• **EXERCISE DIRECTIONS**
Your copy should match the listing word for word, apart from the pictures, which are left out.

• **PROVIDED MATERIAL**
========

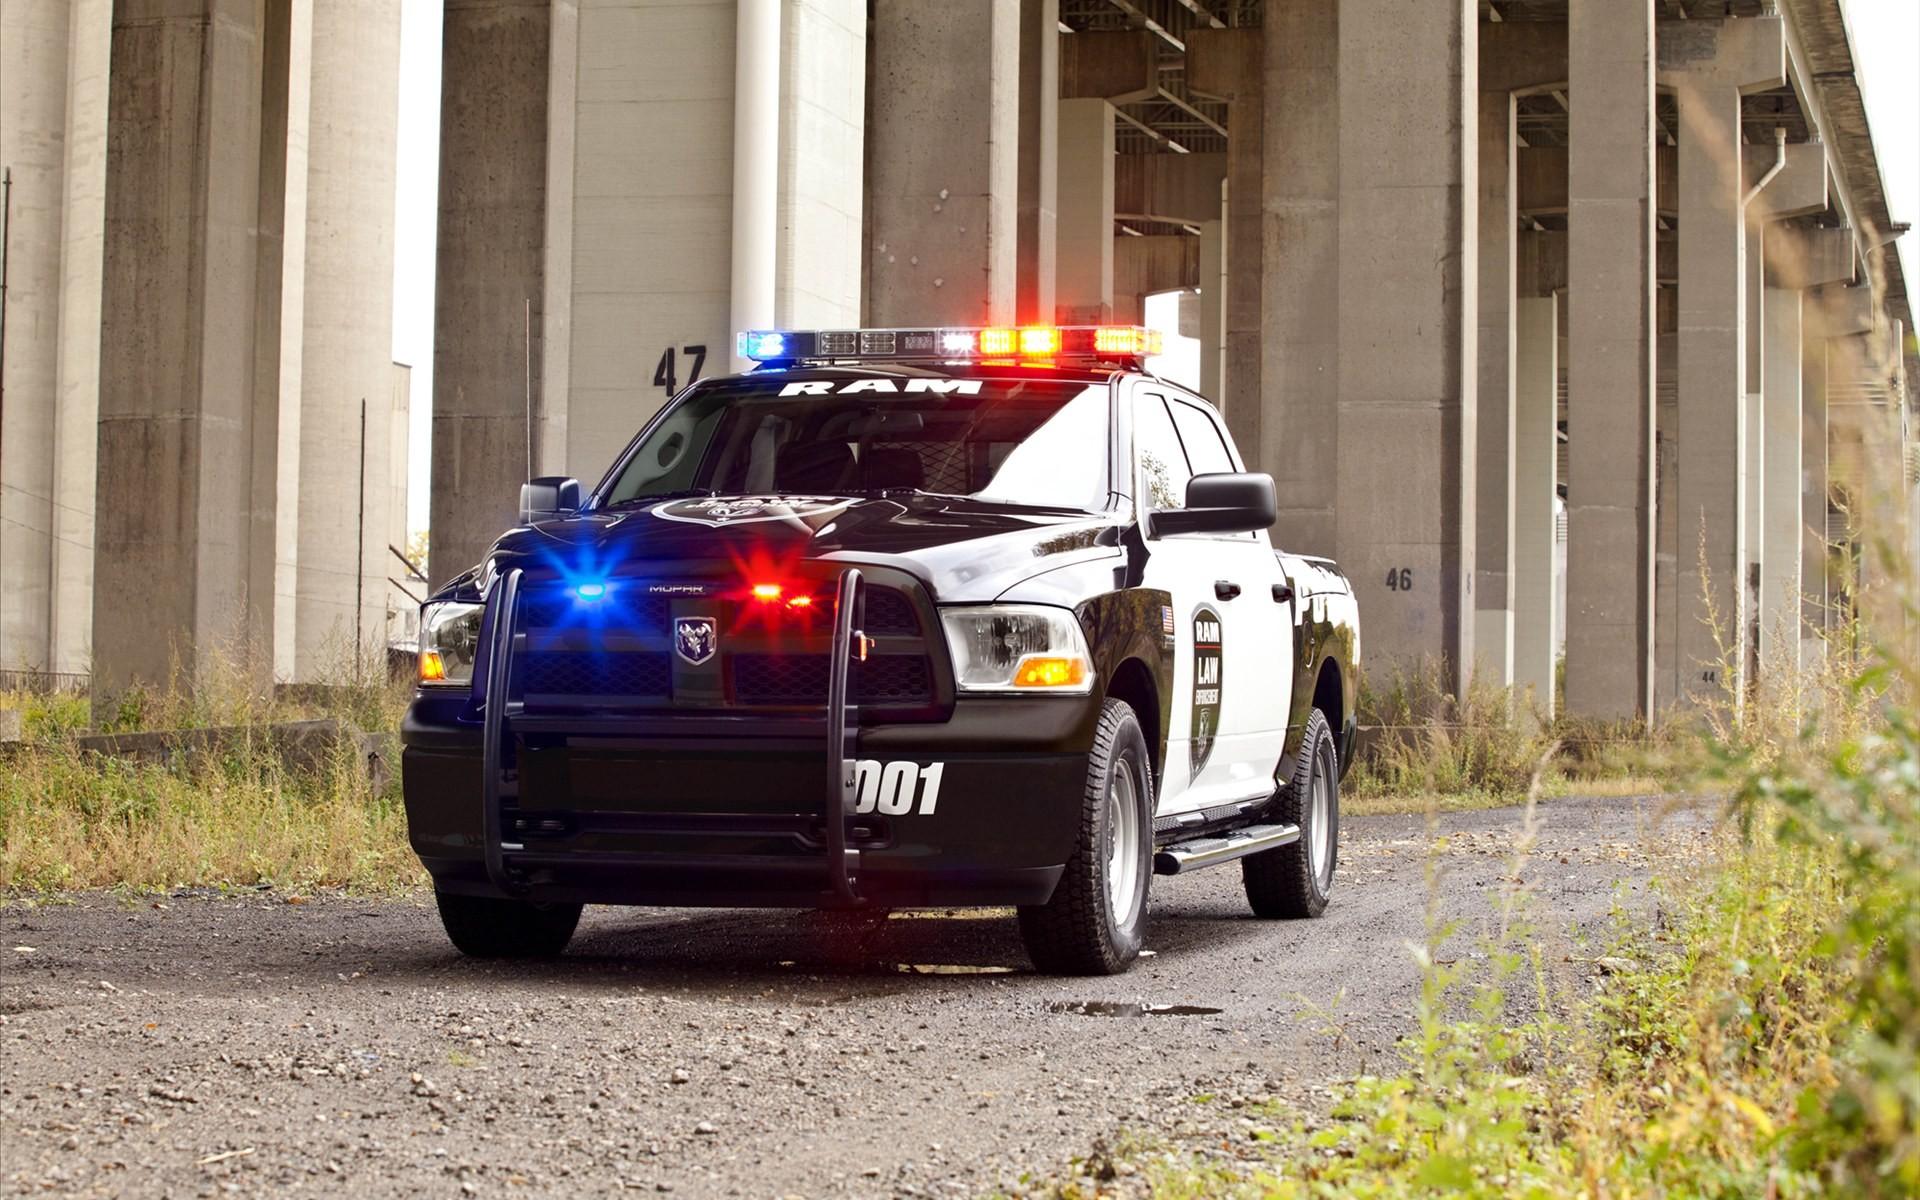 Dodge Ram Police Truck 2012
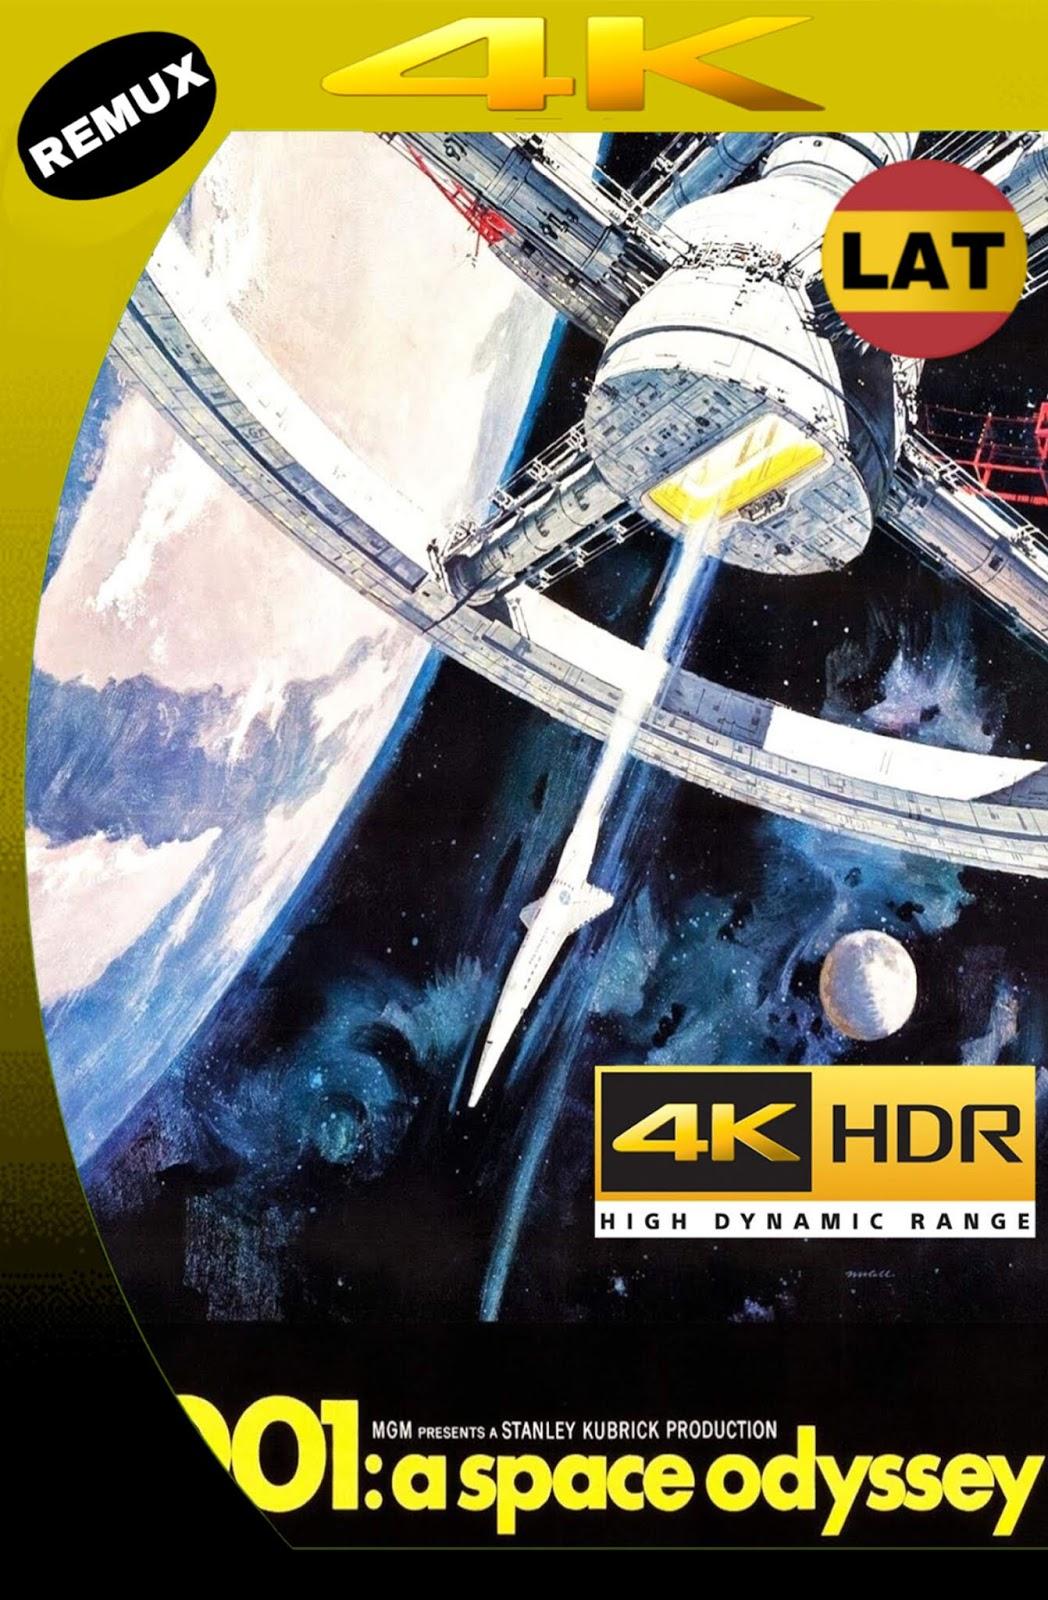 2001: ODISEA DEL ESPACIO 1968 LAT-ING UHD 4K HDR BDREMUX 2160P MKV
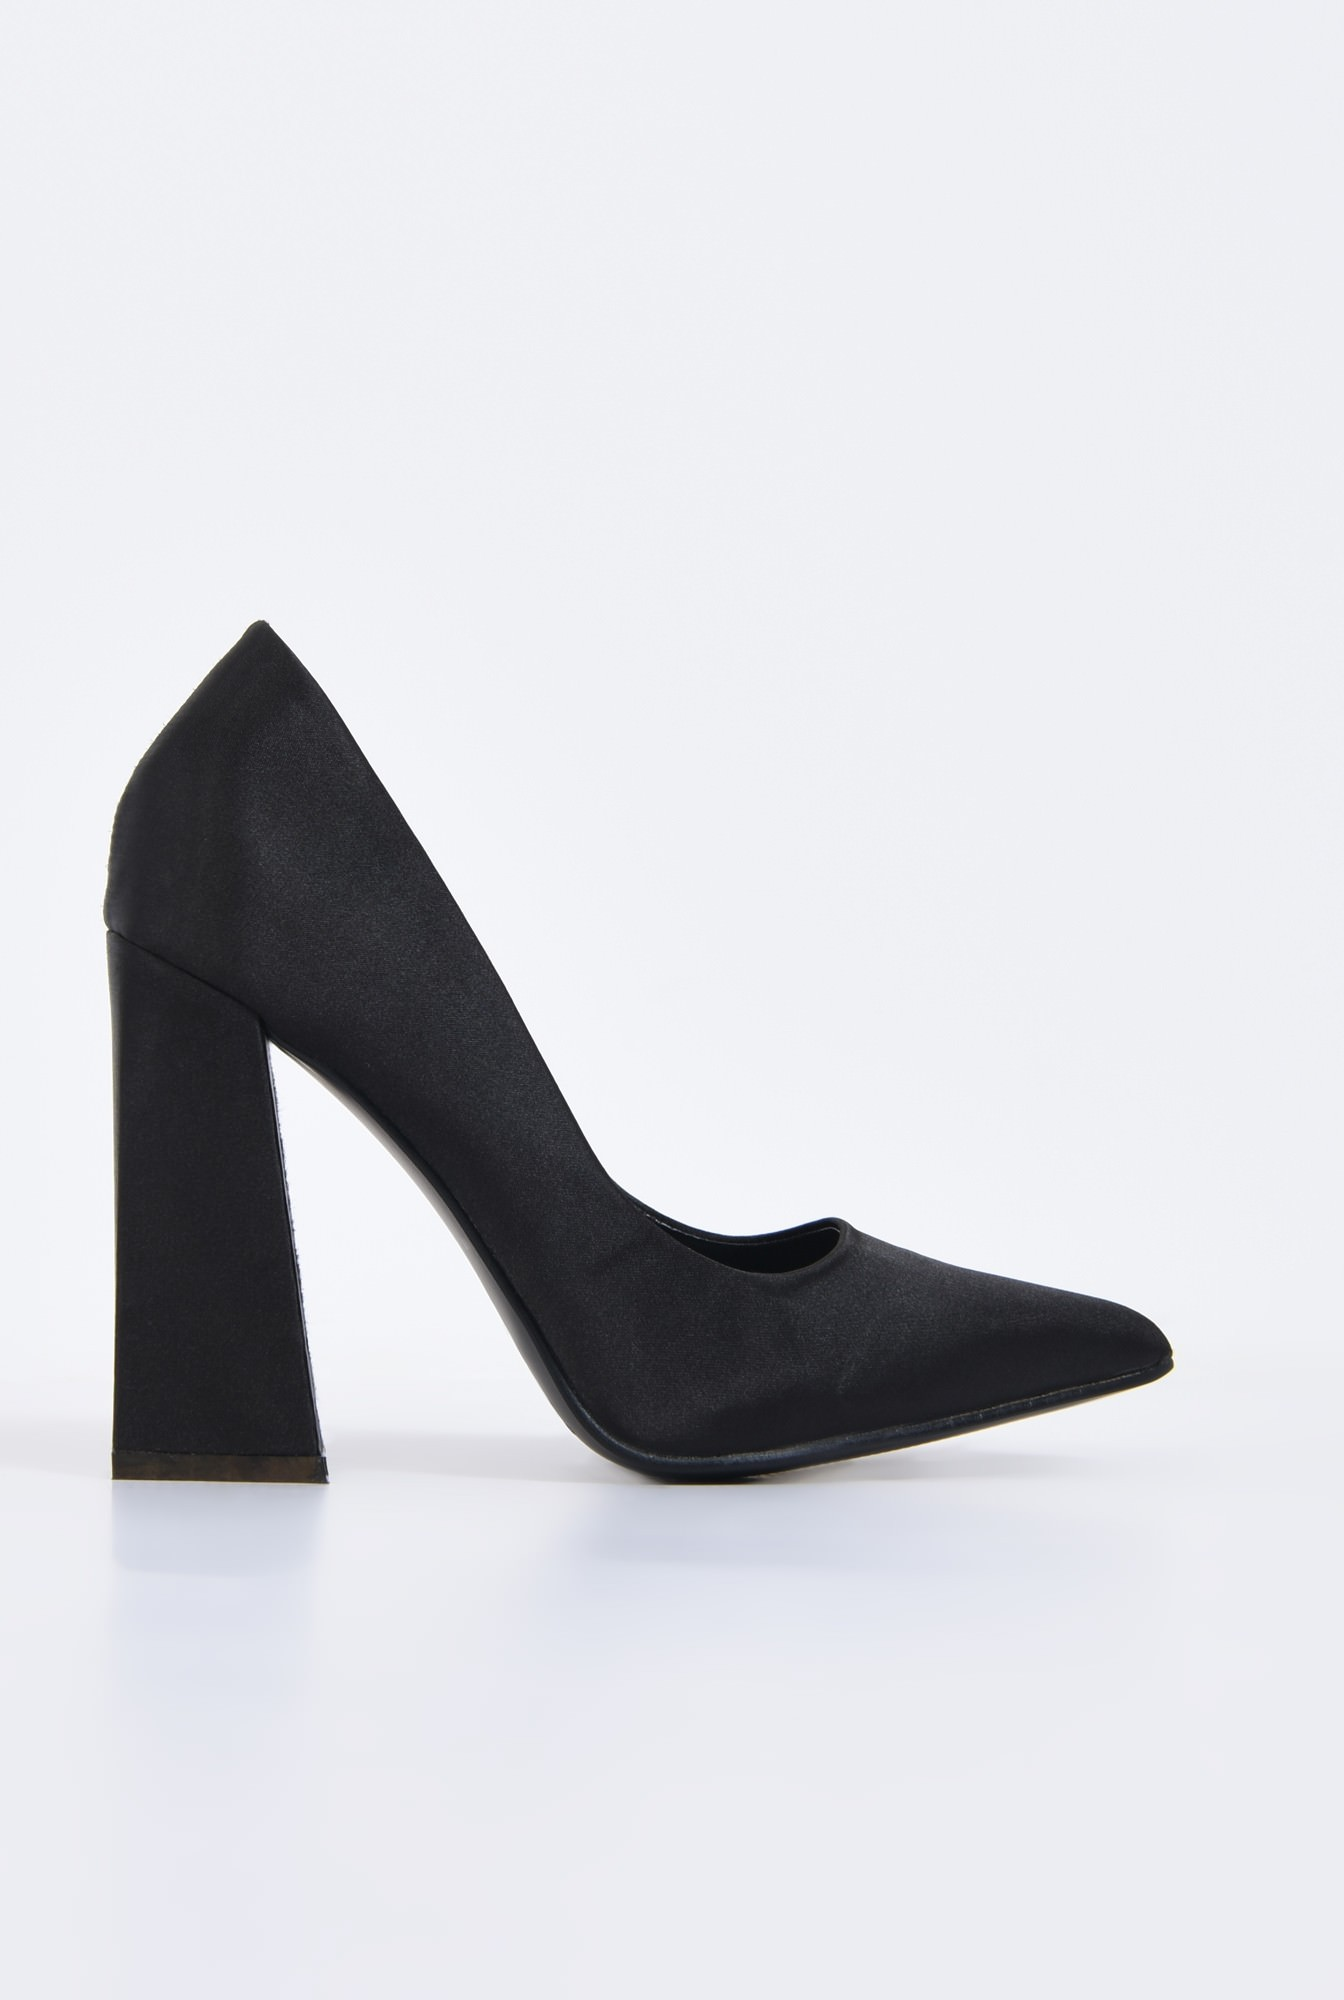 pantofi eleganti, negri, satin, toc inalt

========

• **REPLY TO THE EXERCISE**
 Dodge Ram Police Truck 2012
 2001: ODISEA DEL ESPACIO 1968 LAT-ING UHD 4K HDR BDREMUX 2160P MKV
 pantofi eleganti, negri, satin, toc inalt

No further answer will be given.